German publishing company

The Ullstein Verlag was founded by Leopold Ullstein in 1877 in Berlin, and became one of the largest publishing companies of Germany. It published newspapers such as B.Z. and Berliner Morgenpost and books through its subsidiaries Ullstein Buchverlage and Propyläen.

==History==
===Founding to World War II===
On 14 July 1877, Leopold Ullstein purchased the Neue Berliner Tageblatt newspaper, a subsidiary of the liberal Berliner Tageblatt published by Rudolf Mosse, and on 1 January 1878 converted it into the Berliner Zeitung (B.Z.). In 1894 he also acquired the Berliner Illustrirte Zeitung weekly, which as technology advanced and permitted heavy use of photographs, became the most successful picture paper in Germany. The B.Z. am Mittag, relaunched in 1904, became Germany's first tabloid newspaper. Ullstein's sons Rudolf, Hans, Louis, Franz and Hermann inherited the publishing house and developed it further.

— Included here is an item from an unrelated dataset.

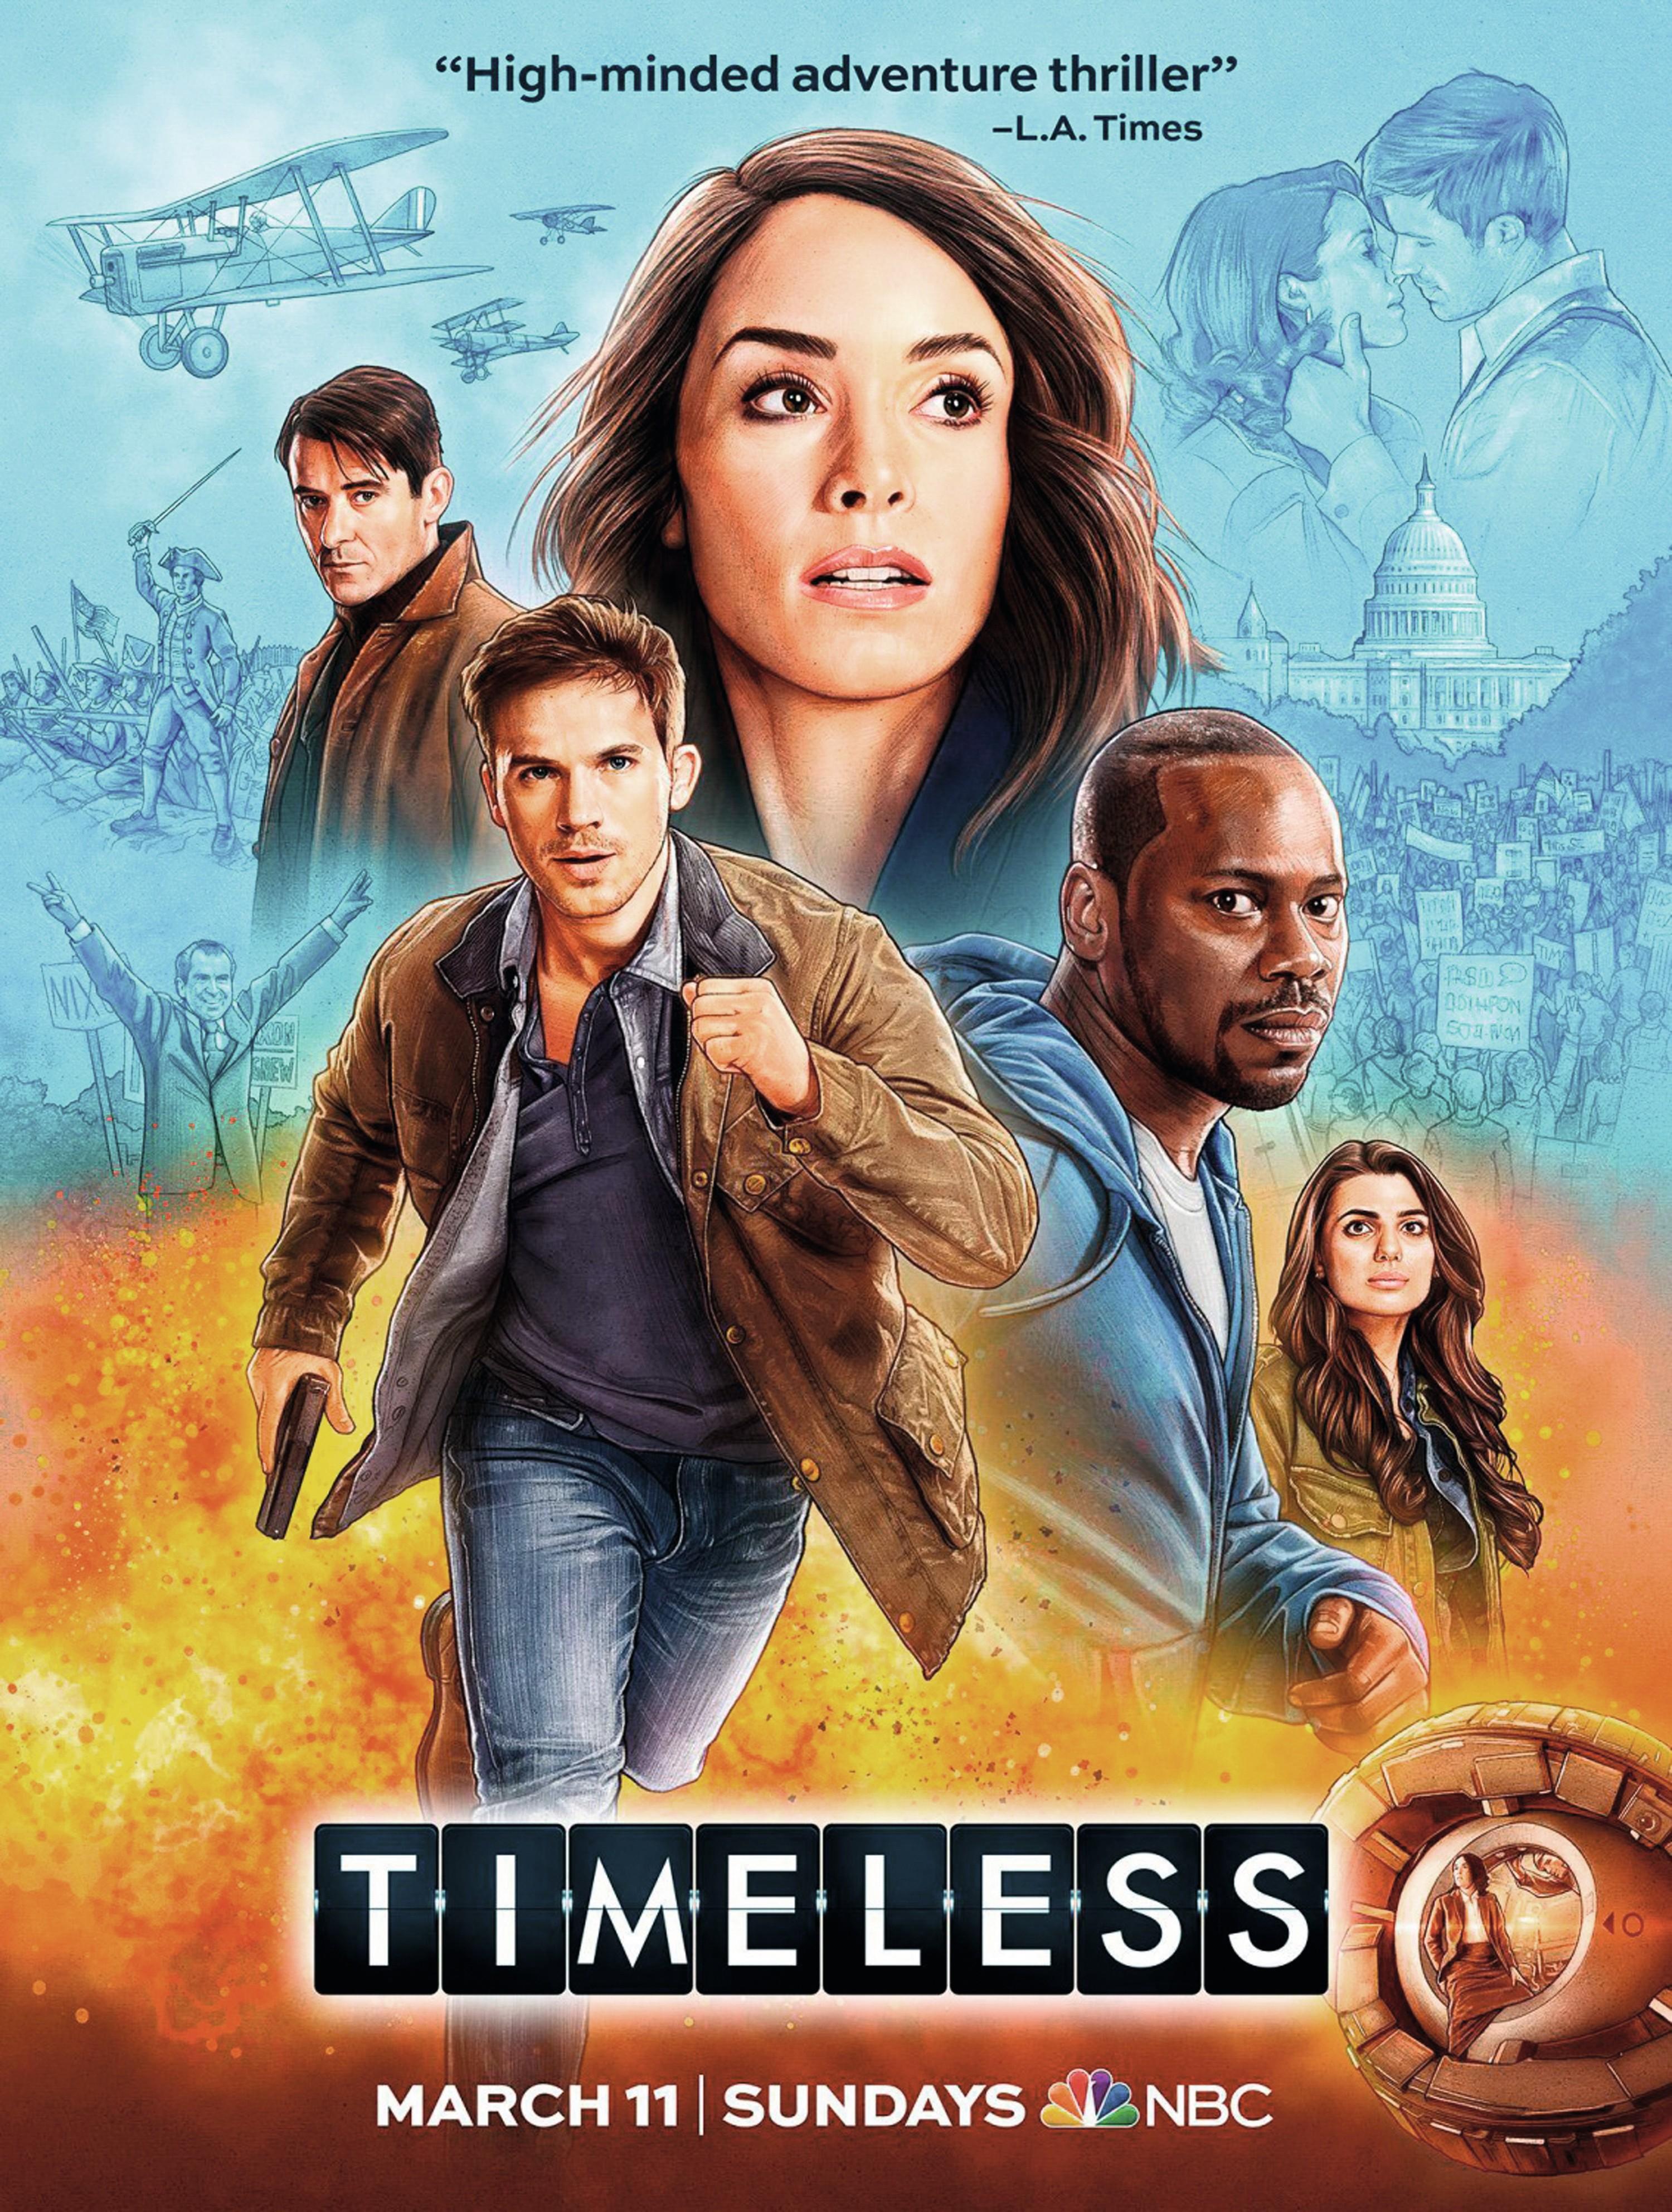 Timeless, by Eric Kripke, 2017.

They acquired the reputable Vossische Zeitung, a liberal newspaper with a tradition dating back to 1617, while the left-wing Berliner Morgenpost established in 1898 reached a high number of subscribers.

From 1927, Ullstein also published Die Grüne Post weekly newspaper under chief editor Ehm Welk.

In 1919 the Propyläen Verlag (cf. Propylaea) was founded as an imprint for non-fiction books especially on history and art history as well as classical editions, but also for novels like Erich Maria Remarque's All Quiet on the Western Front first published in 1929. The number of authors working for Ullstein also included Vicki Baum, Thea von Harbou, and Franz Blei.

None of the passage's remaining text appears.